A cough is often a presenting chief complaint and has several differential diagnoses.

        Cough is a common complaint that can be caused by upper respiratory cough syndrome, allergic and vasomotor rhinitis syndrome, chronic rhinitis, asthma, and gastroesophageal reflux disease. Other causes include chronic smoking or exposure to smoke, aspiration, bronchiectasis, infections such as pertussis and tuberculosis, non-asthmatic eosinophilic bronchitis, cystic fibrosis, sleep apnea, restrictive lung disease, and bronchogenic or laryngeal neoplasm, among others (Sharma, Hashmi, & Alhajjaj, 2019).
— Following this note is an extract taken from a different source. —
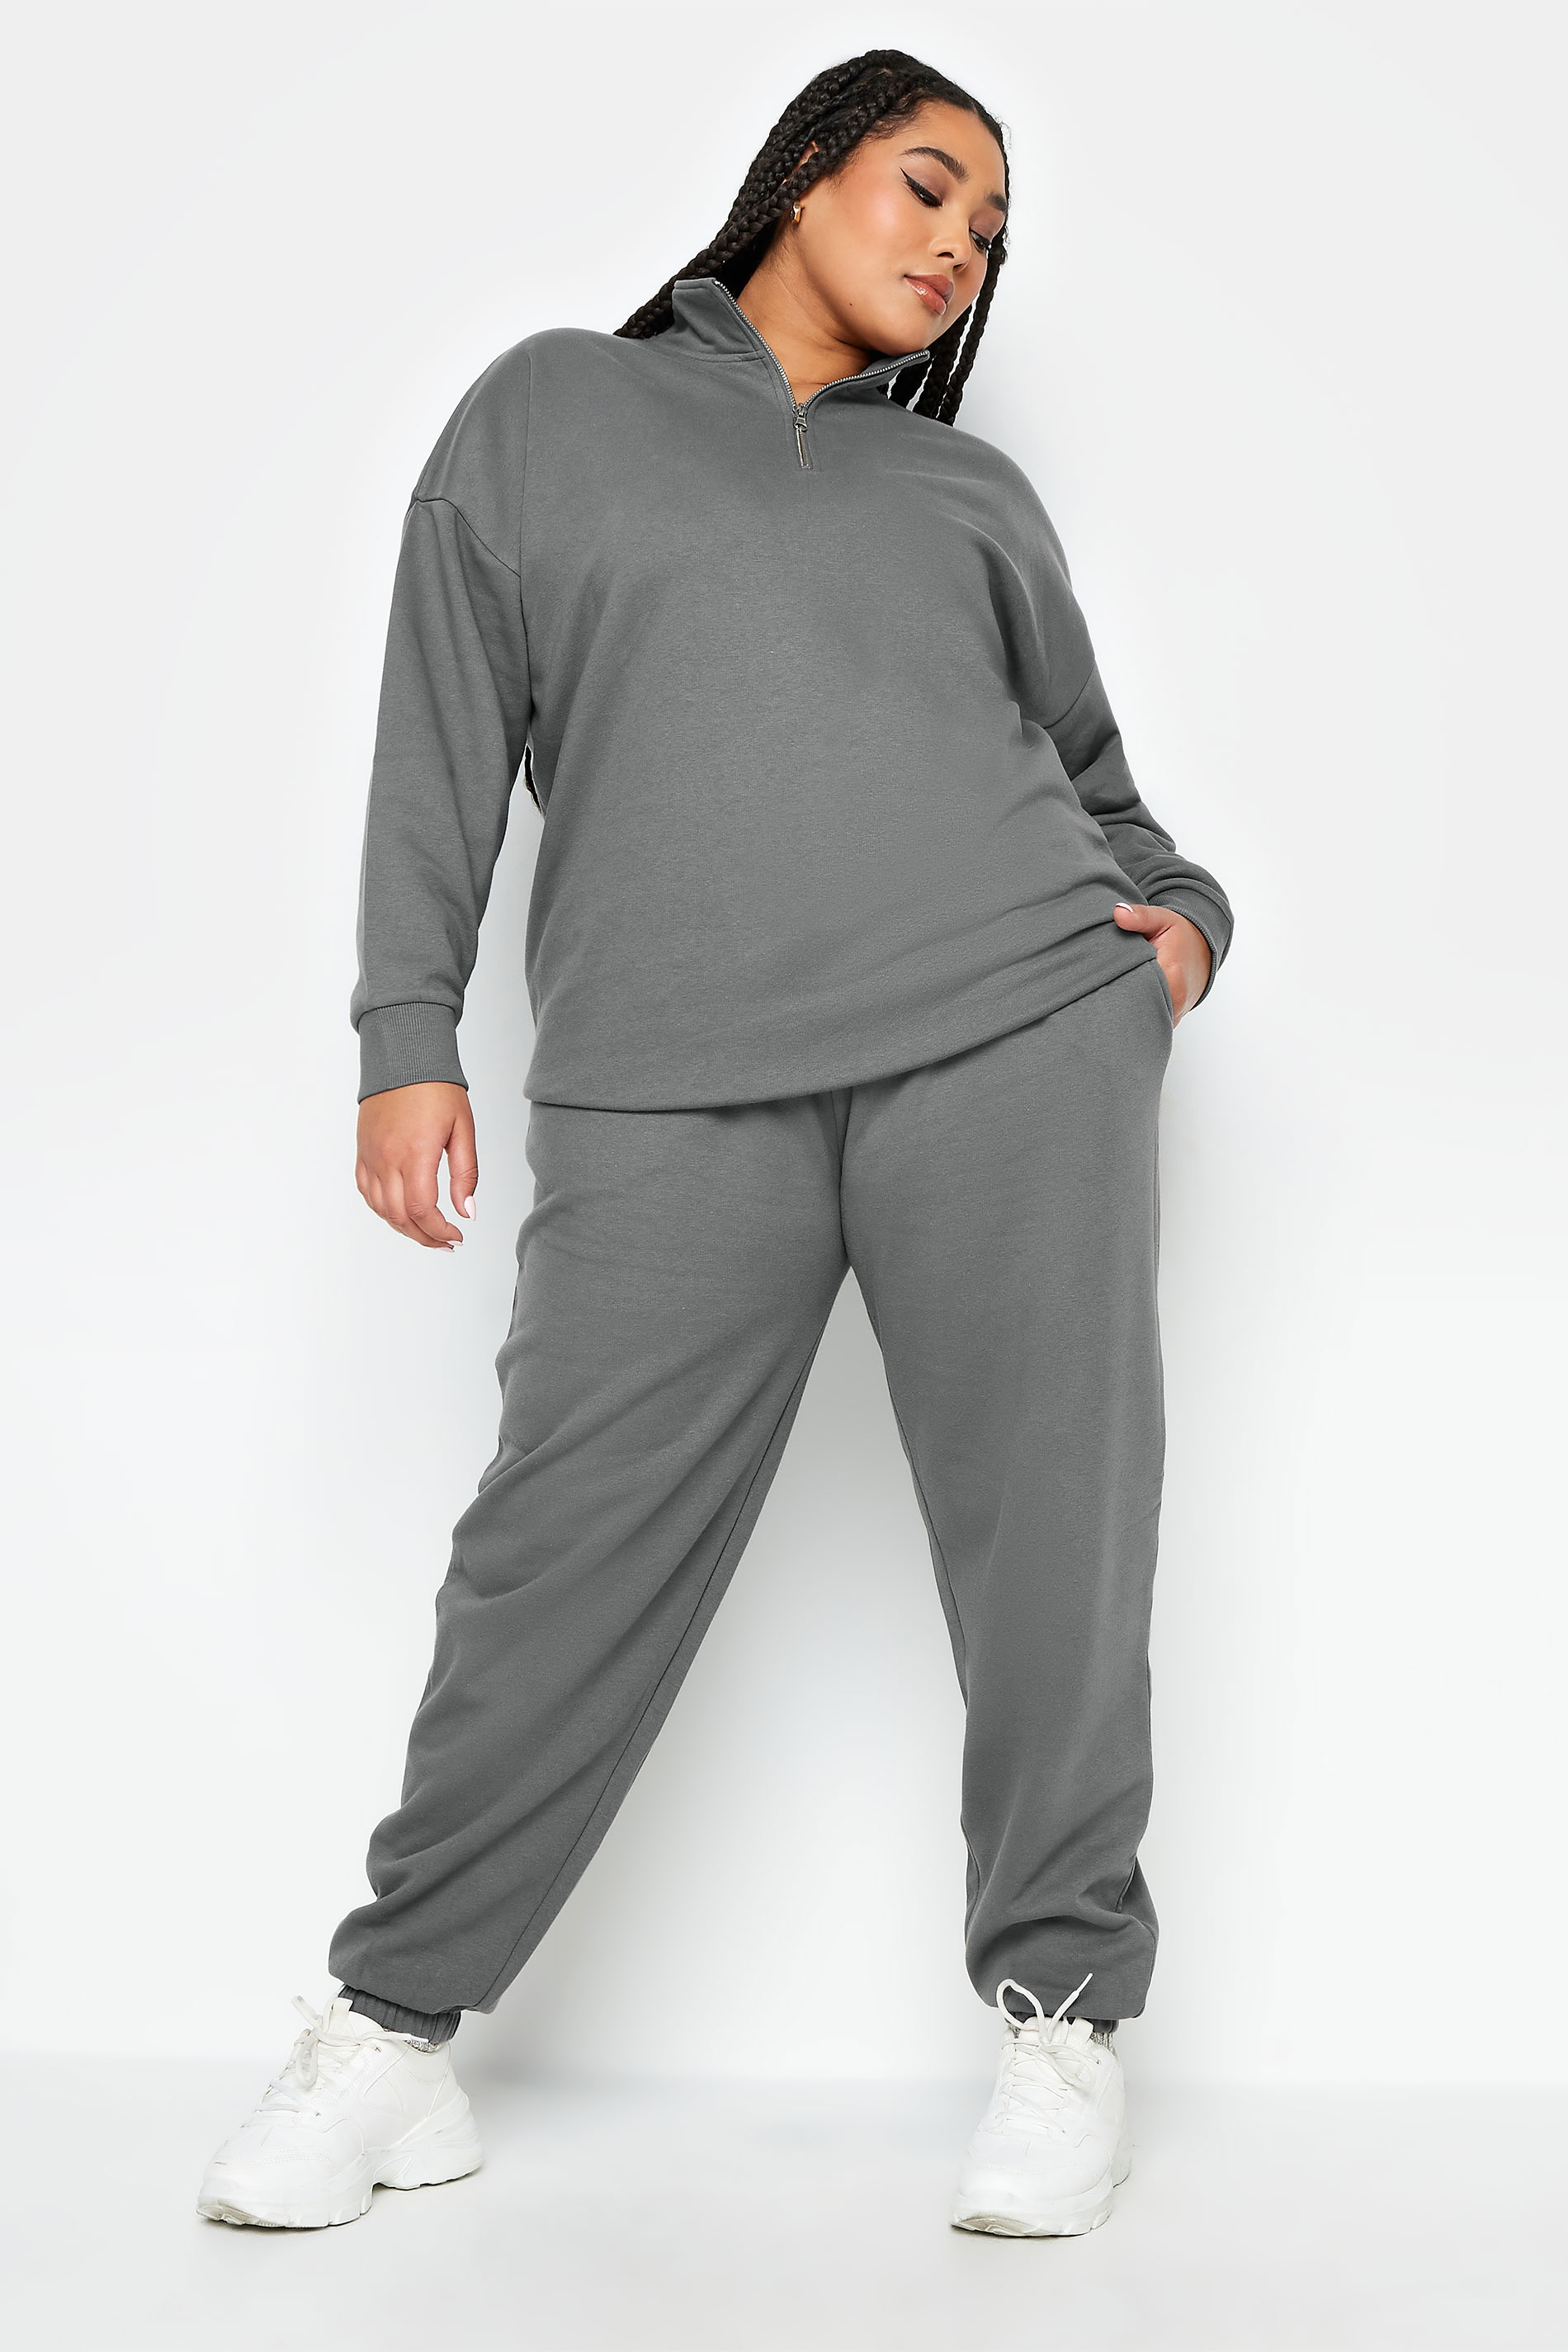 YOURS Plus Size Grey Quarter Zip Sweatshirt | Yours Clothing 3

In Florida, an important number of non-smoker cough cases are related to allergic rhinitis.

Choose one differential diagnosis for cough and discuss the presenting symptoms, diagnostic testing, and treatment.
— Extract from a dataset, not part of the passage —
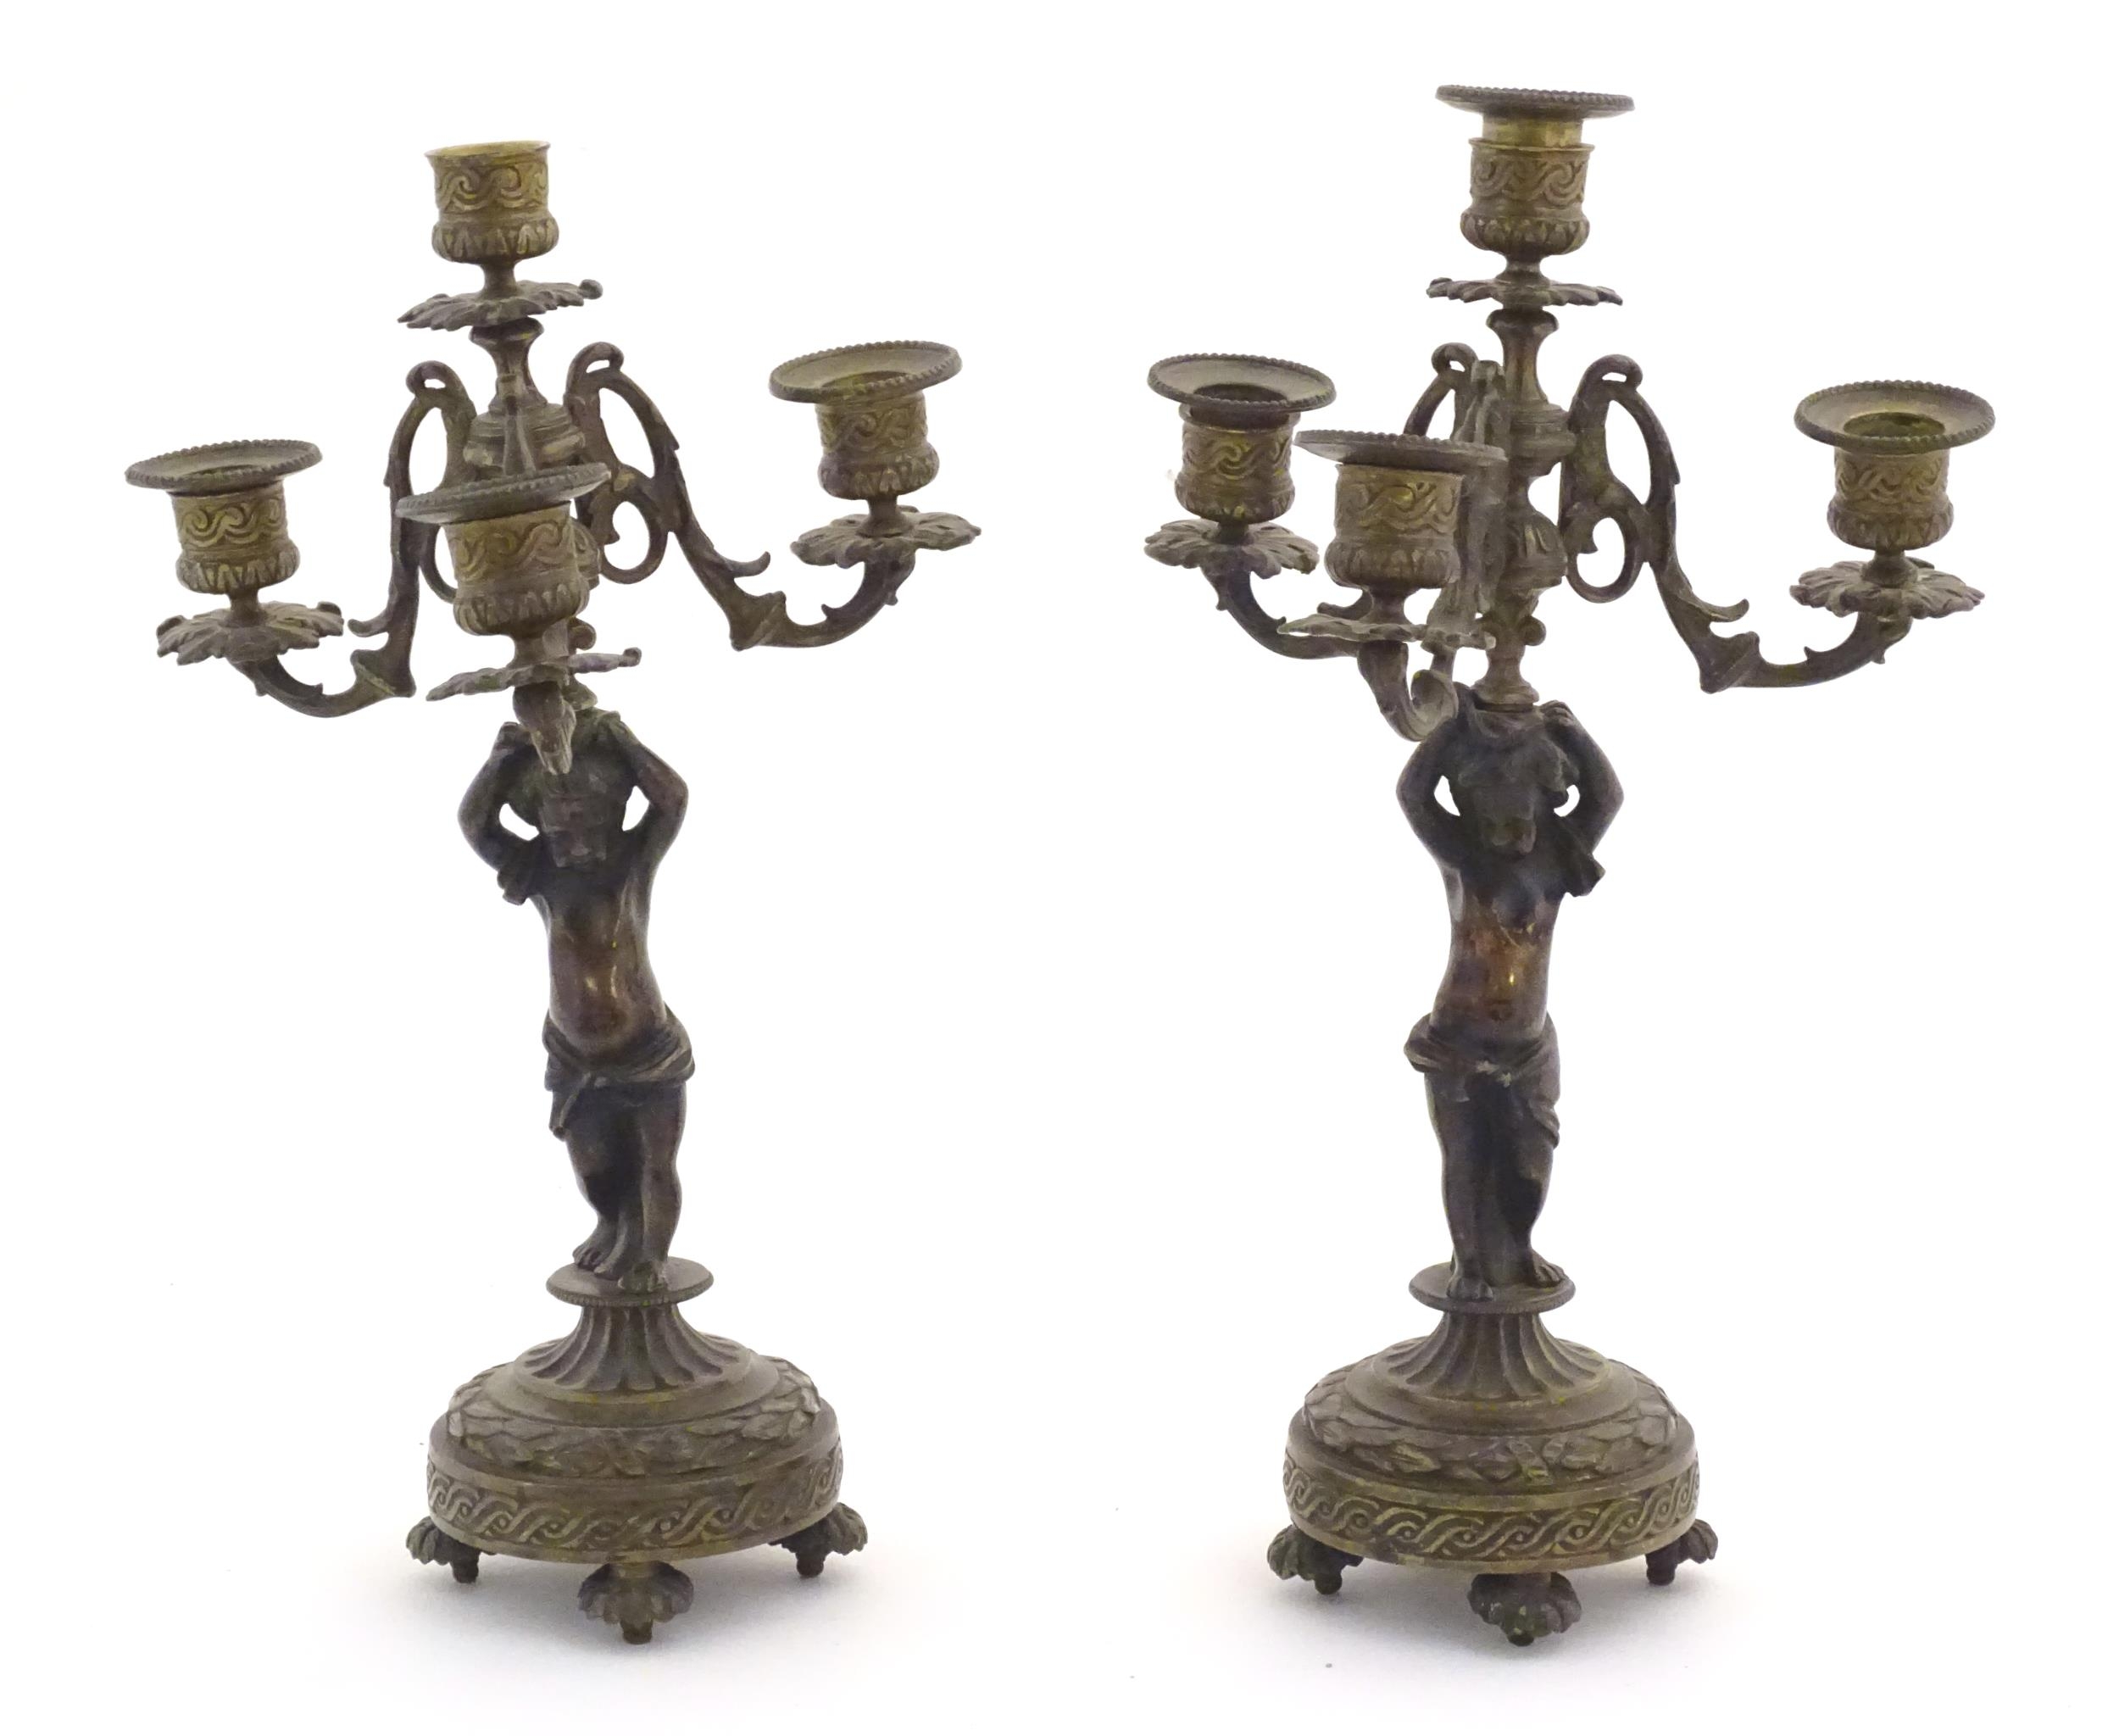 Two 19thC cast metal table candelabra / candelabrum the central bronze columns form as cherubs

          Allergic rhinitis results from a IgE mediated inflammation of the mucosa in the nares after exposure to an allergen (Sharma, Hashmi, & Alhajjaj, 2019). The response to this exposure includes sneezing, congestion rhinorrhea, and mucosa hyperactivity (Sharma, Hashmi, & Alhajjaj, 2019). Allergic rhinitis can be seasonal, which is normally related to outdoor allergens, or perineal, which is normally related to indoor allergens (Sharma, Hashmi, & Alhajjaj, 2019). Risk factors include family history, tobacco smoke exposure, history of asthma, pets in the house, and houses infested with roaches (Sharma, Hashmi, & Alhajjaj, 2019). History and physical exam are crucial to diagnose allergic rhinitis, identifying nature, onset time, and duration of symptoms (Sharma, Hashmi, & Alhajjaj, 2019). Other information that will be significant to allergic rhinitis includes whether the patient has a history of atopic dermatitis or food allergies, or both (Sharma, Hashmi, & Alhajjaj, 2019). History of nasal congestion, itchy nose, watery itching eyes, itching ears, or sneezing is also significant in the diagnosis of the condition.

          Findings during physical exam include dark circles under the eyes, rubbing of the nose, rhinorrhea, clear nasal discharge, blue-gray, pale nasal mucosa, post-nasal discharge, and oropharyngeal lymphoid tissue hypertrophy (Wheatley & Togias, 2015). Differential diagnosis includes infection rhinitis, medication-induced cough, rebound effect after continuous use of decongestants, vasomotor rhinitis, adenoidal hypertrophy, and septal abnormalities (Wheatley & Togias, 2015). The first line of treatment is second-generation antihistamines such as cetirizine and loratadine. The second line of treatment includes nasal antihistamine and first-generation antihistamines.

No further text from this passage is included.